The original square was grass. The turret on the far right is Cathedral Lanes, a failed shopping mall that is now becoming a restaurant quarter. This shopping centre was built in the 1990s and originally planned as 'Lanes' that would link Broadgate to the Cathedral quarter.

Another failure.


----------



## NewTroll (Sep 18, 2008)

View looking down Far Gosford street. 

Untitled by Bodgecity, on Flickr

This is outside the inner ring road, and was outside the city wall. The building in the distance is the remains of a factory. The big building with a Sainsbury's in it was recently built. This area was once filled with industrial buildings, so the new building was designed to reflect that. This was formerly an empty space left over by construction of the ring road and dual carriageways that feed it into. Now it is built up and looks better and more urban.


----------



## NewTroll (Sep 18, 2008)

This is the red brick factory. It's the William Morris building, part of Coventry University's campus. The upper two floors were added a few years back, as the original upper floors were damaged in a fire during the 1980s.

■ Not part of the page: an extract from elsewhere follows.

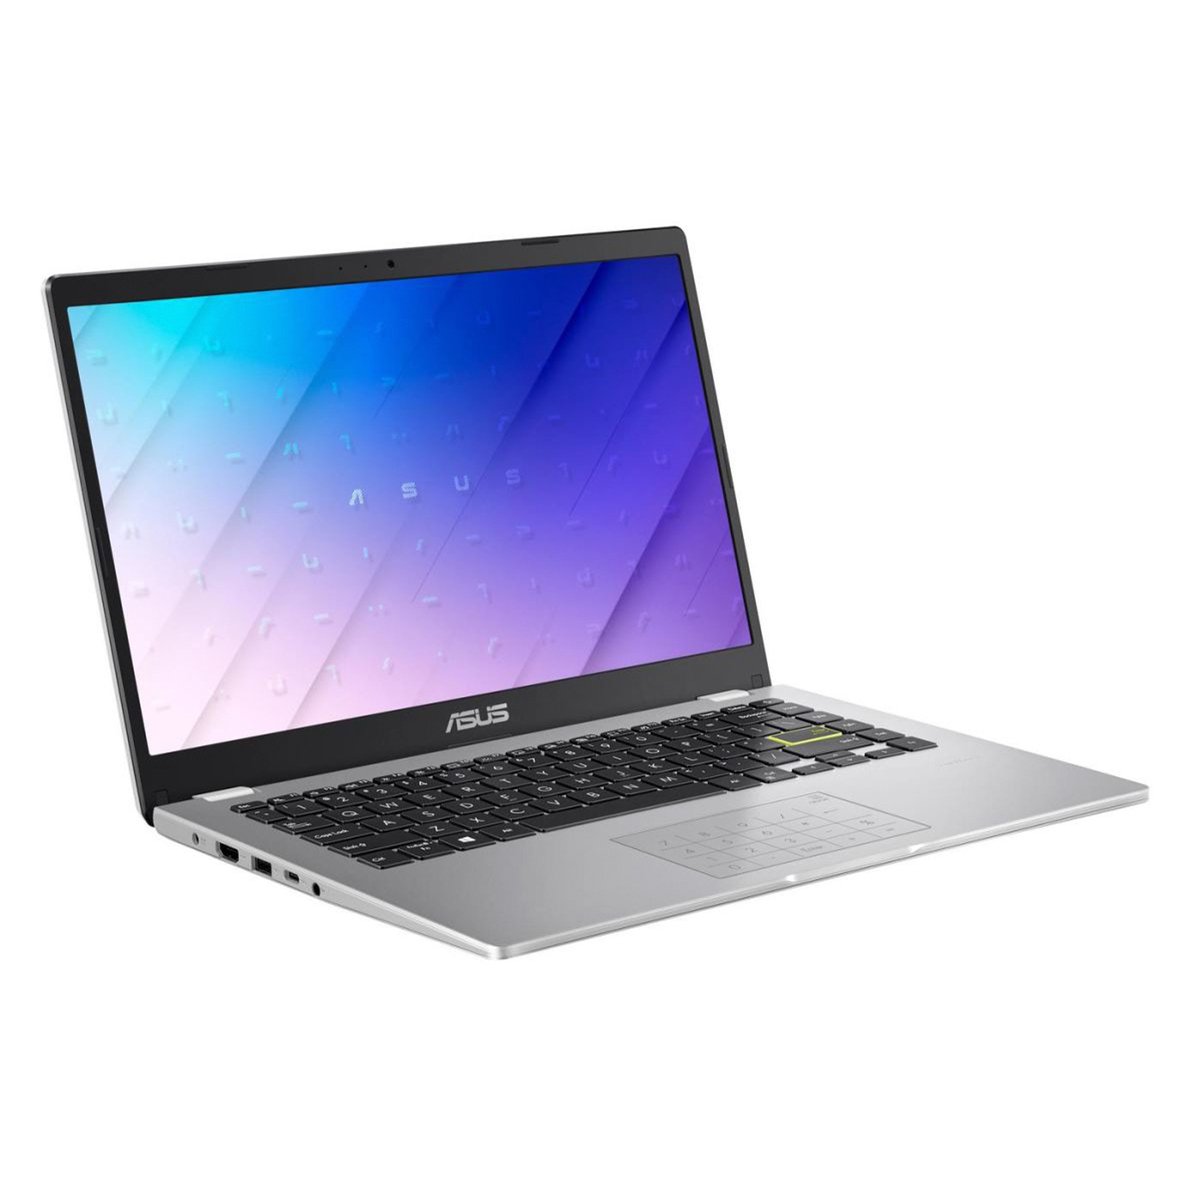 Asus Notebook E410MA-EK047T,Intel Celeron N4020,4GB RAM,512GB SSD,Intel UHD Graphics 600,14" HD WXGA LED Display,Windows 10,White

This was built in 1910 and used by the Morris car company as an engine plant. It was used during WW2 for the production of Spitfire engines.

The building with turrets on the right is the University library, built in 2001.

The tower in the distance is council offices, but is going to be demolished in the near future.


----------



## NewTroll (Sep 18, 2008)

Fargo Village at the top of Far Gosford Street:

Untitled by Bodgecity, on Flickr

This is an interesting development using a collection of old industrial buildings. Sadly it was rather quiet when I was there.


----------



## NewTroll (Sep 18, 2008)

Block of apartments just outside the ring road, in the Radford area (Just off Radford Road):

Untitled by Bodgecity, on Flickr

This is the view from a park just outside the ring road.


----------



## NewTroll (Sep 18, 2008)

Carved Tudor era timbers on a building on Bailey Lane (Just next to the bombed Cathedral.)

Untitled by Bodgecity, on Flickr


----------



## NewTroll (Sep 18, 2008)

Untitled by Bodgecity, on Flickr
Bablake School and Bond's hopsital.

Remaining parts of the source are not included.